И если у Эгеде Ниссен и очень немногих других киноактеров и есть какая-то надежда, что их труд не пропадет для будущего, то лишь из-за того, что писатели запомнят их игру и с восхищением опишут ее. С тех пор как я узнал, что от киноленты несет трупным запахом уже в самый момент, когда она порождает жизнь, я легче поддаюсь своим нордическим вкусам и выбираю ту падаль, которую распознаешь не сразу. Я люблю снег, чистый и обманчивый, потому что, если поскрести рукой его белую шубу, часто можно обнаружить в нем труп кошки, а во время войны и человека, похороненного с застывшим в его предсмертном взгляде ужасом.

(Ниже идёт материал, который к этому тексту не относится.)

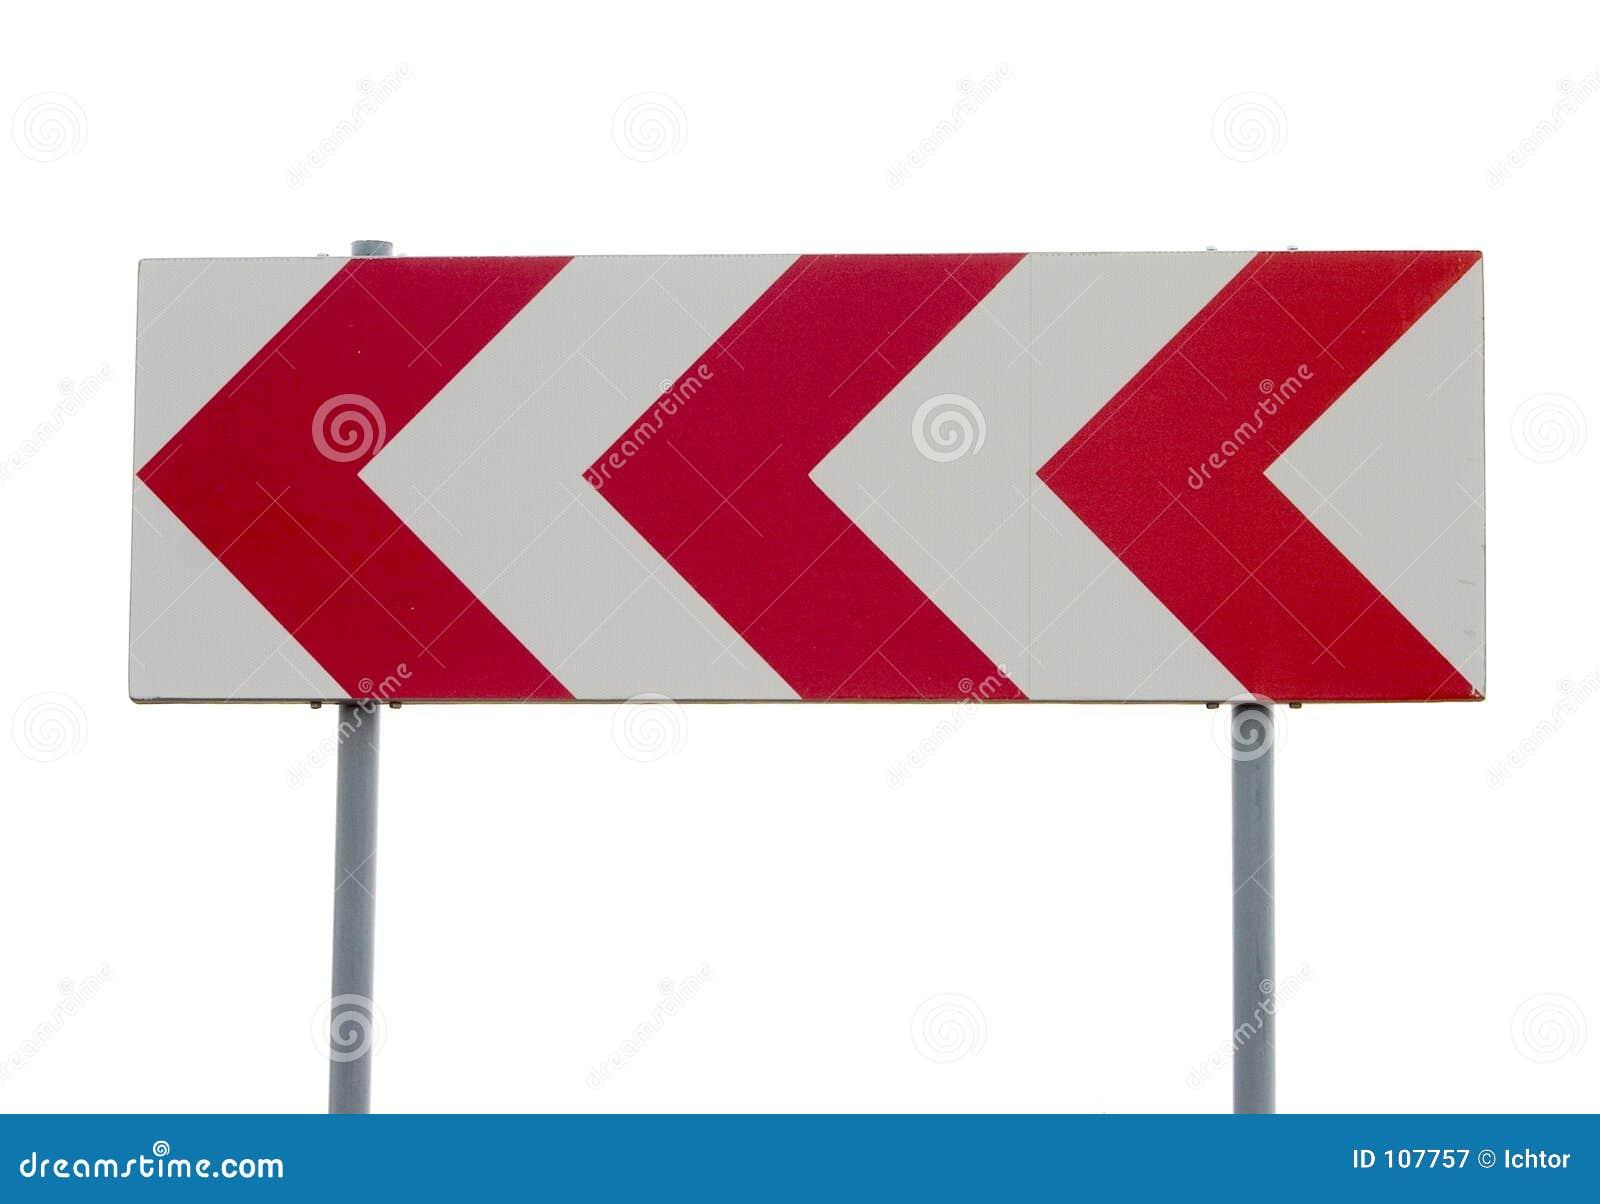 движение знака

Следя глазами за полночными призраками, увлекаемыми за собой шлюхой в духе Табарена в ночь преступлений, каковы все ночи со времен войны, оживляя в уме те воспоминания, от которых иных бы стошнило, я думал о том прекрасном белом убранстве, в которое мы облачаемся годам к сорока, когда нажитое благополучие расцветает в нас абсолютной лояльностью. Поскребите снег, и вы увидите мраморные прожилки почвы, со вмерзшими в нее отбросами, от мороза у них вид претенциозный, потому что это все-таки не мумии фараонов. Так открываешь свое прошлое. Слабые вздрагивают и думают: «Я был на грани... «Другие вновь начинают находить ужасающее и соблазнительное удовольствие в нищете, которая, как костер, потрескивает в глубине нас, а временами прорывает покровы и выхлестывает чудовищны апофеозом, когда мы говорим самым бедным из наших соседей: «Бедняга Х... жизнь у него никудышная». И если нам должно охранять себя от соблазна, то бояться надо не большой бесшумной Машины с космогоническими фарами, в лучах которых танцуют небожительницы из Булонского леса, а черного пятнышка на снегу, появляющегося как знак скрытой болезни. Нищета - это медленно развивающаяся болезнь. Если подхватить ее в молодости, она утихнет - вначале от того, что бог пошлет, а потом просто-напросто от того, что он пошлет состояние. Она вновь появляется в тот момент, когда у человека уже все есть. И тогда нищета покажется ему желанной - хотя это, может быть, не совсем то слово, - но как бы то ни было, она не замедлит пустить в ход свою дьявольскую соблазнительность.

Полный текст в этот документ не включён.